Nurullah ER


İŞSİZLİK

NURULLAH ER


İşsizlik, bireyin kendinden değil de başka faktörlerden dolayı iş yapamaması, çalışamamasıdır.

Çalışamamadan dolayı parasının olmamasıdır.

Paranın egemen olduğu dünyamızda, parasız birinin günlük yaşantısında, gelecek düşüncesinde; biyolojik yapısının, psikolojik durumunun, sosyal yaşantısının nasıl olacağı, ne hale geleceği az çok herkes tarafından tahmin edilebilir.

Günümüzde çığ gibi büyüyen bir işsizler ordusu var ülkemizde.

Umutsuz, karamsar, çekimser, çaresiz, korkak duygularla yüklüler.

Hapishanede olsa gün sayarlar, çıkıp özgürlüğüne kavuşacağı günü hesap ederlerdi.

Günümüzde ise önü açık bir hal almış, tıpkı evren sonsuzluğu gibi.

Belki bugün, belki yarın, belki yarından da uzak umutsuzluklar hiçliğine(!) dönüşüvermiş.

Çevremize baktığımızda, konu komşuyla görüştüğümüzde, hısım akraba bir araya geldiğimizde, haberleri dinlediğimizde hepten işsizliğe dair konuşmalar…

Ülkemizin ilk gündemine oturmuş.

Gencecik delikanlılar; “taşı sıksa ezer” türünden fizik gücüne sahipler; mürekkep yalamışlığından, üniversite bitirip diploma almışlığıyla eğitimli, teknik ve akademik donanımlılar.

Ama işsizler…

Çağımızda böyle birinin işsiz olması, onun evren boşluğunda dolanması, tutunacak bir dal bulamamasıdır.

Belirsizlik ve umutsuzluk öyle yakar hale getirmiş ki, hapishaneden beter.

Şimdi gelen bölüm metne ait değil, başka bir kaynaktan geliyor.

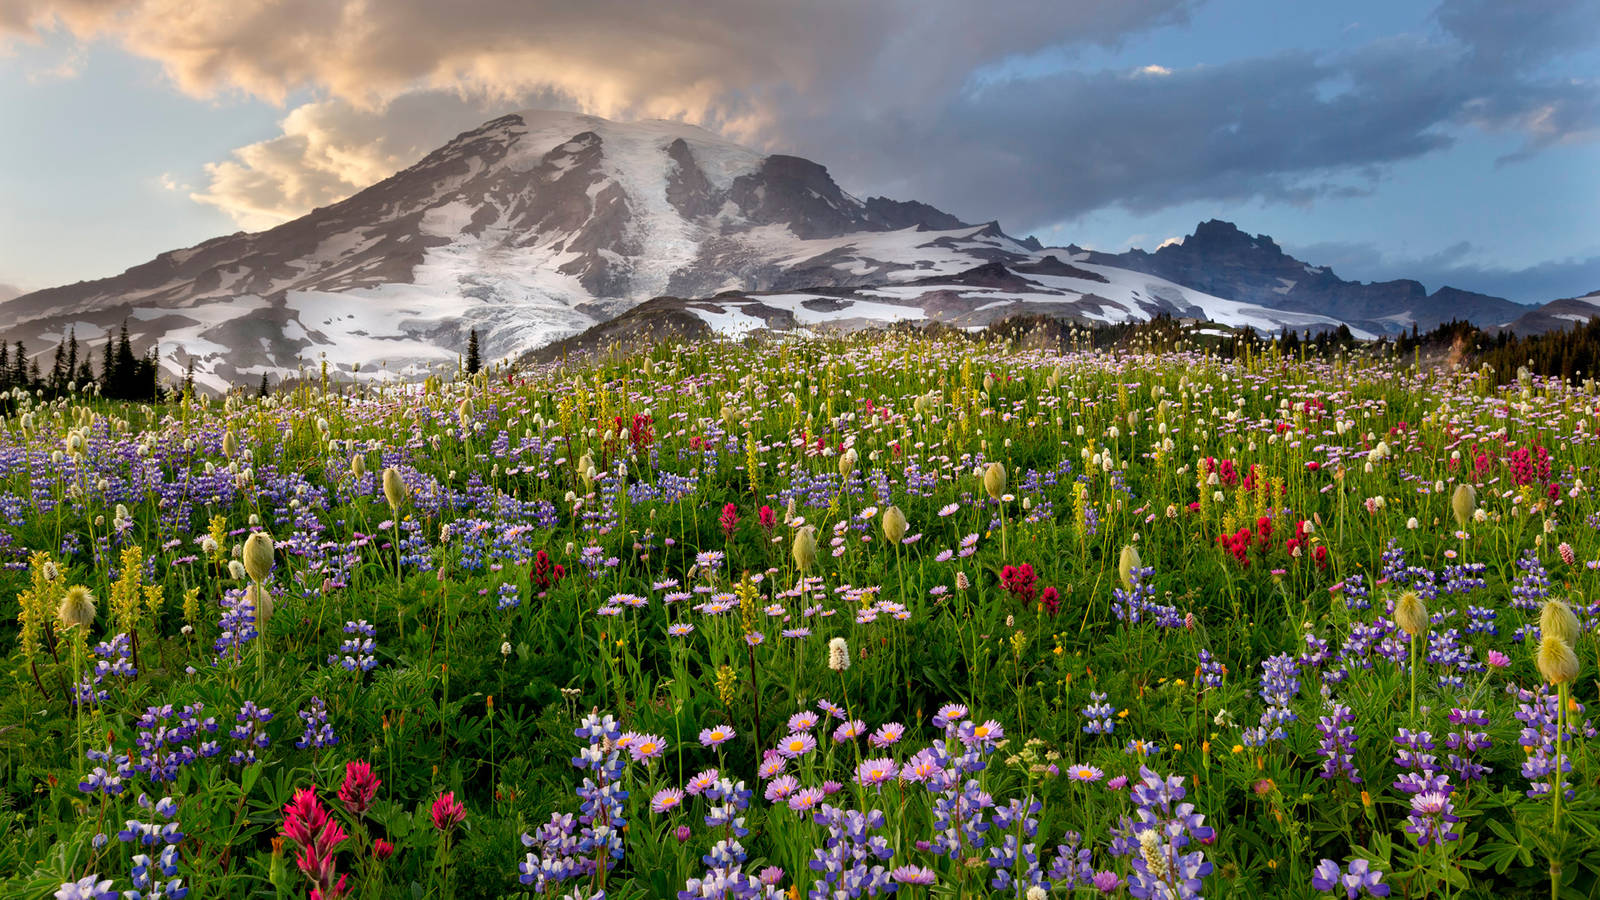 Mount Rainier . National Parks Conservation Association1600 x 900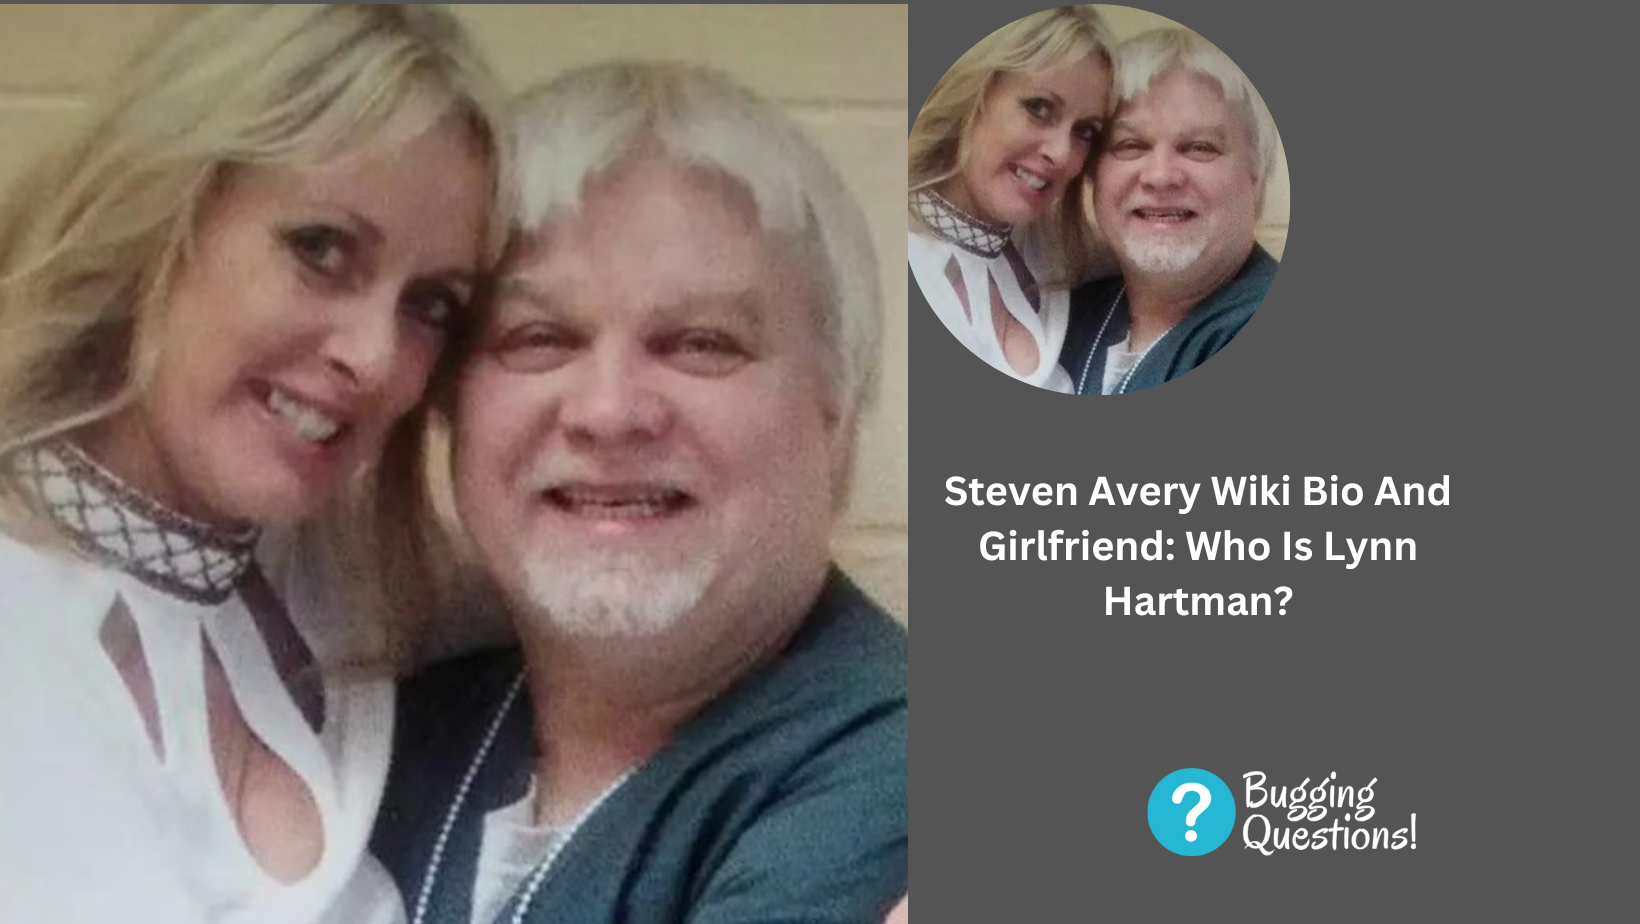 Steven Avery Wiki Bio And Girlfriend: Who Is Lynn Hartman?

Açık cezaevinde zannediyorlar kendilerini.

Her gün aynı şeyi görmesi, aynı şeyi duyması, aynı şeyi düşünmesi çaresizliğe büründürüp, umutlarını söndürüp, hayallerini bitirip çalışmadan yorulup, genç yaşta ihtiyar olmaları.

En verimli çağları, umut ve hayalleri elinden alınmış yuvarlanıp giden bu dev işsizler ordusu gün geçtikçe büyüyor.

Bir insan kendine dayatılan böylesi bir yaşantıya nasıl katlanır, katlansa bile ne kadar çekebilir?

Bu gidişatla ufukta bir ışık görülmüyor. Görülen o ki, işsizlerin ah vahlarla ömür törpülemesi, yetkililerinde kağıt üzerinde günden güne sayılarını düşürmesi.